На минуту Тихомирову привиделось, что он с рыбаками вышел в море — проверить сети-вентери. Но задул новороссийский ветер — бора; шторм разметал лодки, разбил их. И вот он пытается спастись, цепляется за каждую щепку. Где же берег? Где твердь его?
Это напоминало чудо — простое и ясное: вдруг зазвучало, запело в оживающей душе, вспомнилось каждое слово молитвы. Откуда? Почему? Он не знал, да и не хотелось знать: «О Пресвятая Владычице Дево Богородице, спаси и сохрани под покровом Твоим мое чадо Александра. Укрой его ризою Твоего материнства.»
«Уврачуй душевные и телесные раны чада моего Александра, моими грехами нанесенные.», — с нарастающей покаянной силой повторяла Катюша.
.После недолгого, но напористого дождя вновь посветлевший день стал тихим и кротким. Тогда они с Сашей вышли в сад. Капли так ослепительно горели на трепетной листве, что мальчик зажмурился.
Да-да, это тоже было чудо — иначе не назовешь: умирающий сын не умер. Выздоравливал уже в деревне, в Ла-Ренси, куда им пришлось окончательно перебираться по предписанию обаятельного Клемансо. Саша, заметил Лев Александрович, словно бы поумнел, но иногда забывал самые обыкновенные слова. Вот слово «дождик» забыл. Махнул только рукой. И улыбнулся.
Врач-француз лишь диву давался.
Что-то случилось и с ним, с Тихомировым. Нет, он больше не вспомнил ни одной молитвы, но в те страшные ночи все равно — молился. Снова и снова выла собака, а он, надрывая сердце в предельном усилии, просил о пощаде, лил слезы, давал обеты. Кому? Иногда решался произнести: «Господи, если Ты есть, помоги. Я обещаю Тебе.» В те горячечные мгновения он многое обещал. О чем-то потом забыл, о чем-то помнил до конца жизни.

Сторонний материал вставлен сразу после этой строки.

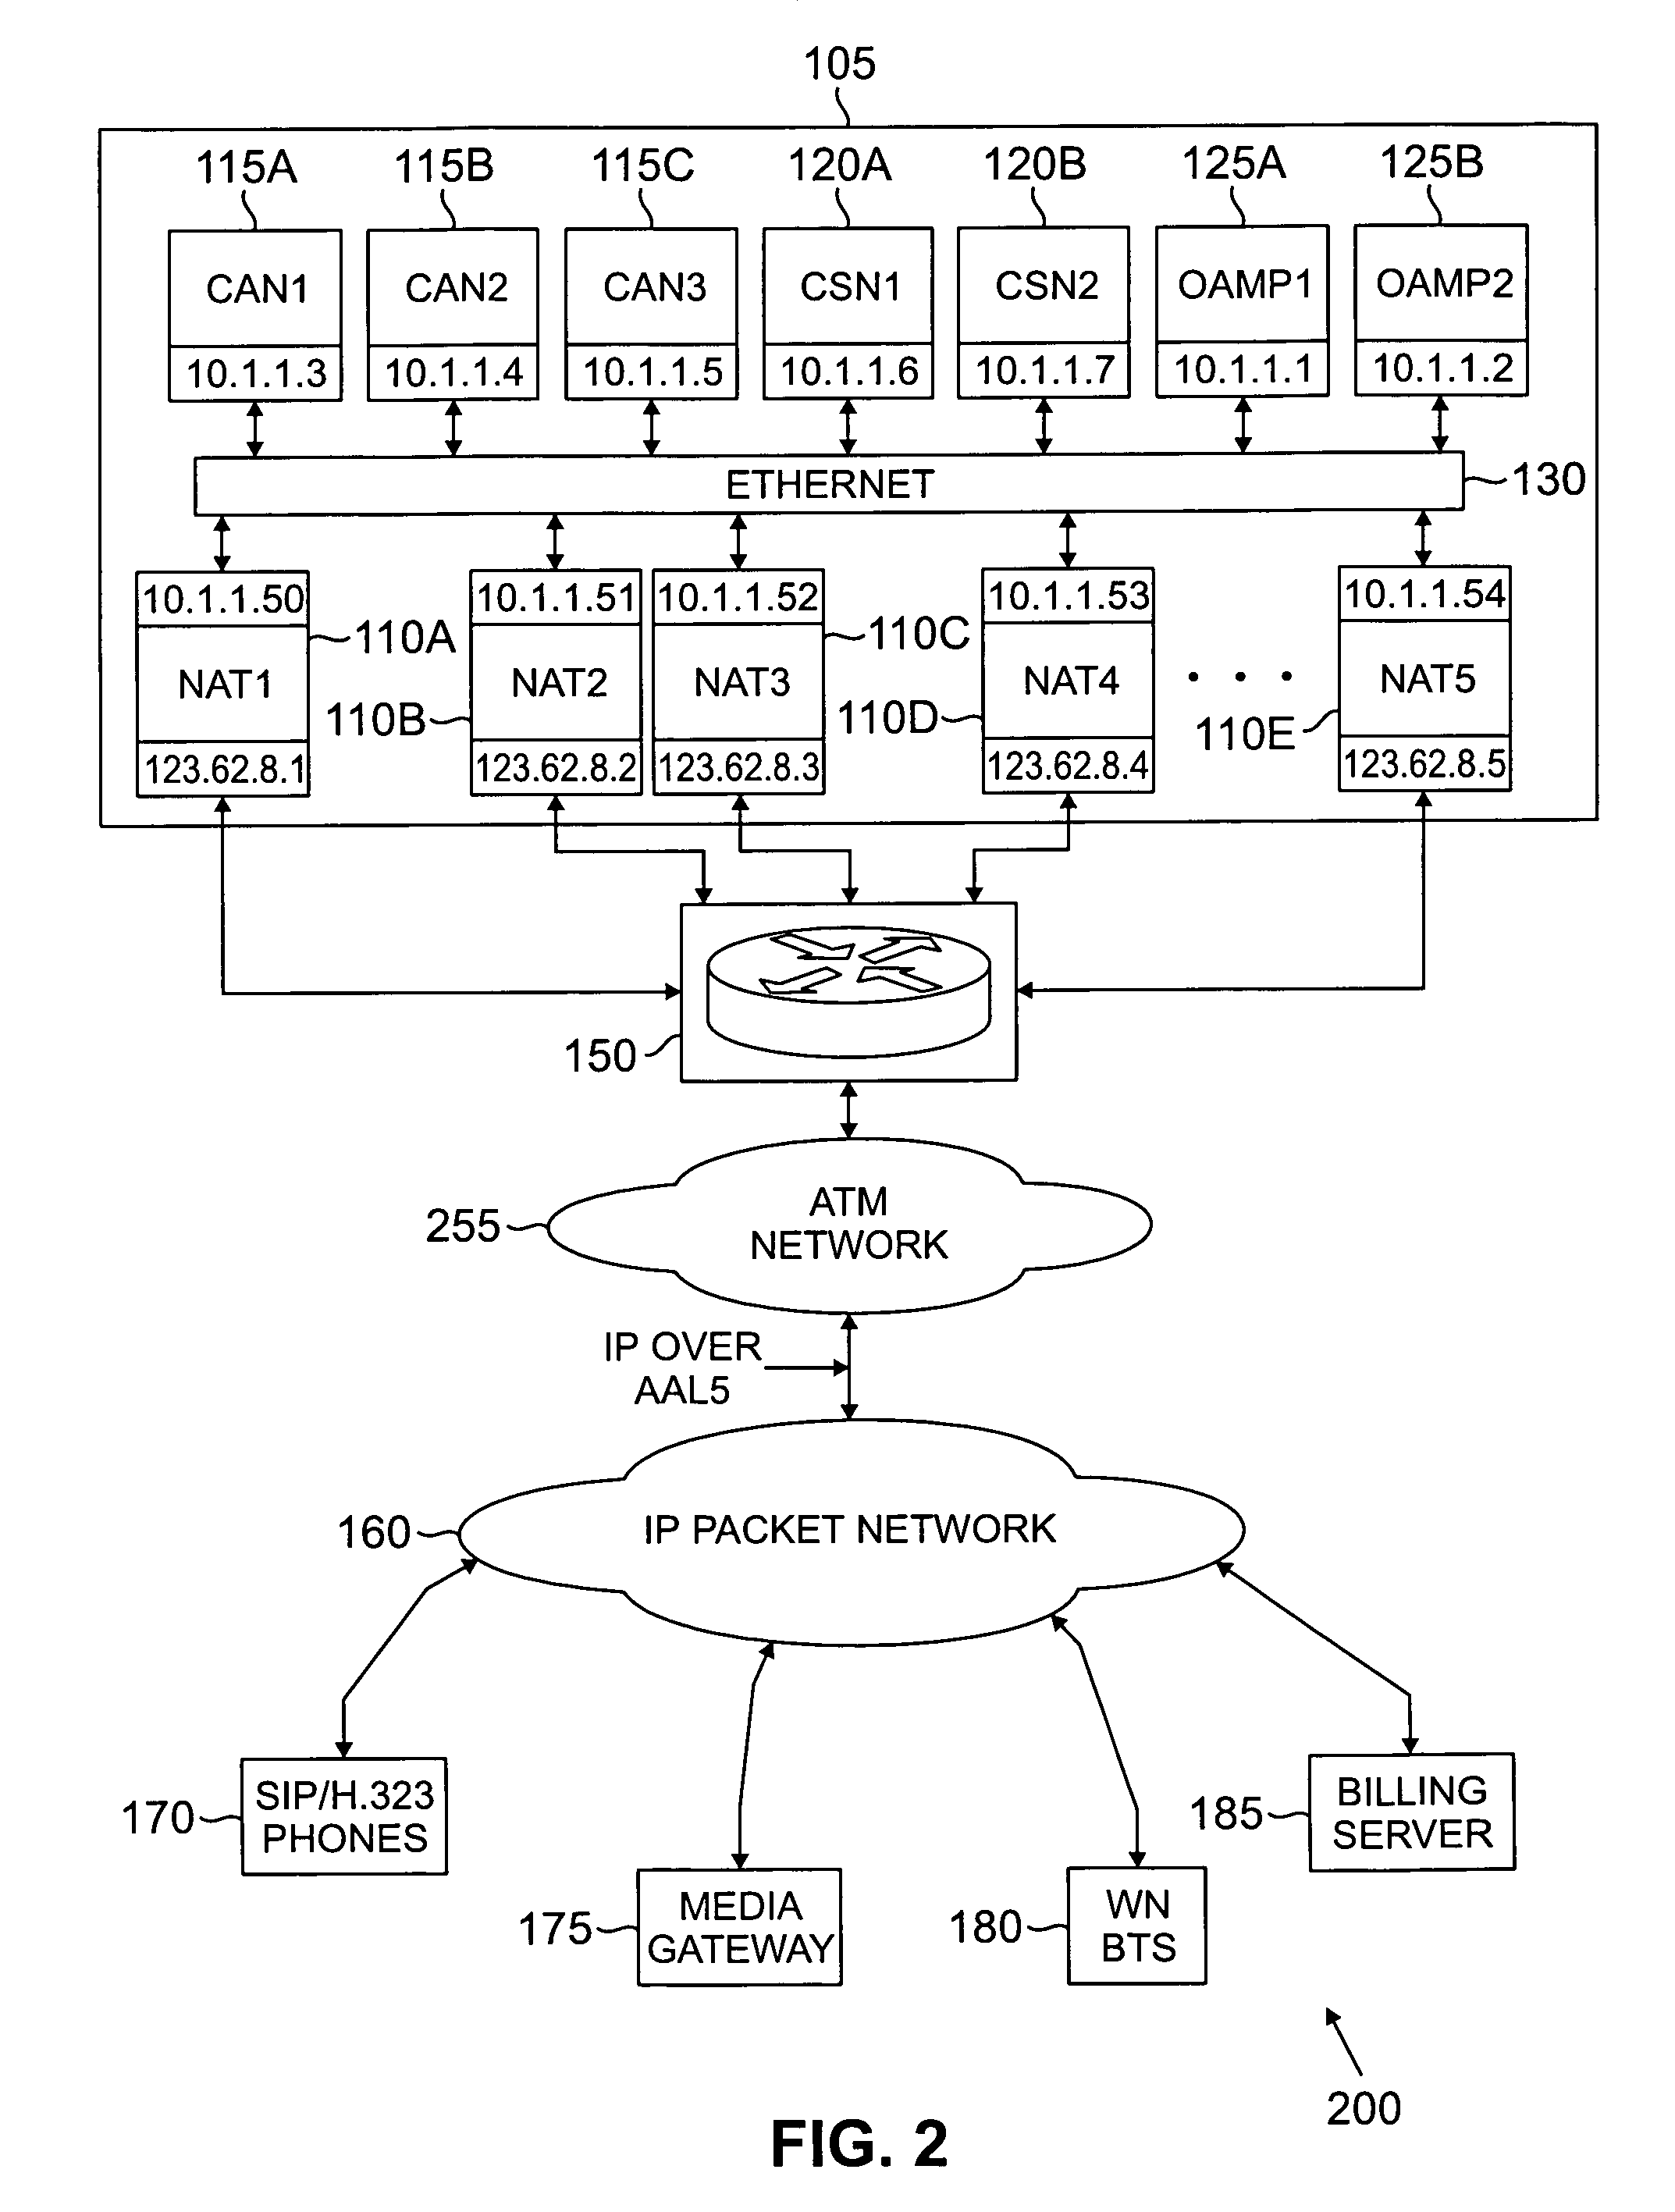 Soft switch using distributed firewalls for load sharing voice-over-IP traffic in an IP network
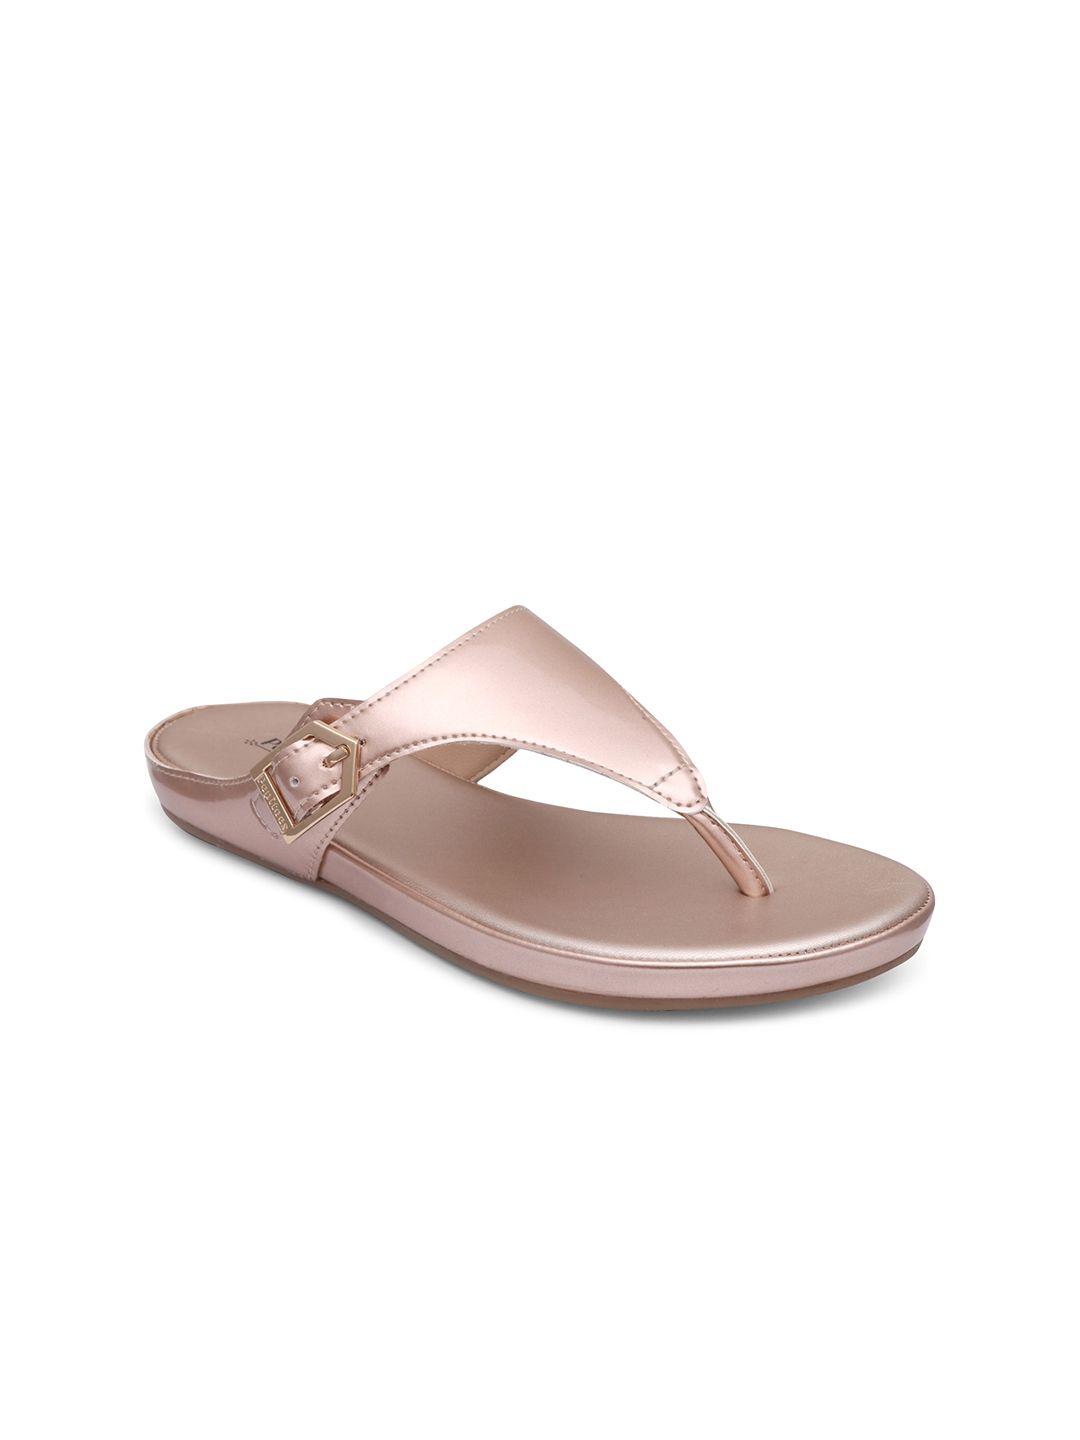 pepitoes-women-open-toe-flats-with-buckles

Лев и прежде, когда было плохо, когда жандармские сыщики шли по пятам, порой ловил себя на том, что ему хочется помолиться. Но идеолог бесстрашной «Народной Воли» всегда одергивал свой нрав — гордо и сурово. Почему-то казалось, что это скверно — становиться на колени из-под палки, в страхе сердечном. «Как беда на пороге, так мы все при Боге» — засело в голове оброненное старым стражником в Петропавловке. Ведь когда хорошо, он не думал о Нем. Не подлость ли это, не малодушие ли молиться, когда приходит беда?